Here I was thinking we’d be dealt an anti-climactic resignation over a piddly piss-up. All those times half-wit pundits, with their mundane alcoholism, lapsed anuses and hyperlinked relatives on Wikipedia, insisted that “it’s over” for Boris, only for such prospects to be dashed when a big fat *nothing happens*, effectively wore down the belief that Johnson could be removed at all.
However, just as a monkey could write Shakespeare if given enough attempts, journalists occasionally conjure the ability to publish something with a kernel of veracity, in this case – the government is imploding because Johnson feigned ignorance of Pincher’s pinching.
As funny as it is to see Boris’ top guys do a 180 in less than 24 hours, contrasted to the inexhaustible ride-or-die energy of Nadine Dorries, you came here for Insightful Political Commentary; a lucid outline of What is To Be Done, you came here for The Ideas.
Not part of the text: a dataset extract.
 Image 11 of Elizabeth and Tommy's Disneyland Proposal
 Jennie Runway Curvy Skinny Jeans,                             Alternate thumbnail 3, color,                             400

Very well, ladies and gentlemen. After all, chaos is a ladder.
Like most conservatives, I am torn between my hatred of Johnson and my hatred of full-time Johnson-haters. The former was handed an unconstrained sledgehammer to smash the Blairite machine. Criminally underutilised, it was primarily used for tasks completely incongruent with the telos of a sledgehammer – Building Back Better, Levelling Up, etc.
Adding insult to injury, the constructivist rhetoric was entirely devoid of actual construction. Housing prices continue to climb, the borders are wide open, the tax burden continues to punish the most productive, supply-side solutions to energy problems are practically non-existent, and all ‘attempts’ at resolving [REDACTED] have mounted to nothing more than superficial lip service to whip up momentary support from disaffected voters. For a man versed in the classics, Boris should know Heraclitus’ First Cause – Construction and Destruction were born joined at the hip, the fire which festers within a blacksmith’s forge and the fire which springs from a Molotov cocktail are the same force.
In the case of the latter, the full-timers sincerely believe that Boris has made extensive use of his loaned hardware, obliterating Those Ancient British Traditions: the NHS (1946), the HRA (1998), Supreme Court (2005), Britain’s membership of the EU (1992), etc. Ironically, had Johnson aspired (never mind achieved) more than a measly fraction of the aforementioned, he would be leading by double-digits.
The derangement of these full-timers makes one wish Johnson had made like Caesar and crossed the Rubicon. If not to pursue a revolutionary agenda, then to amplify the deserved misery of Britain’s worst inhabitants; the type of people that Tumblr-format tweets about having integrity in politics – “The Parties, The Lies, The Cheese and Wine, it’s DISGUSTING” – as they listen intently to the most recent episode of Alastair Campbell’s podcast.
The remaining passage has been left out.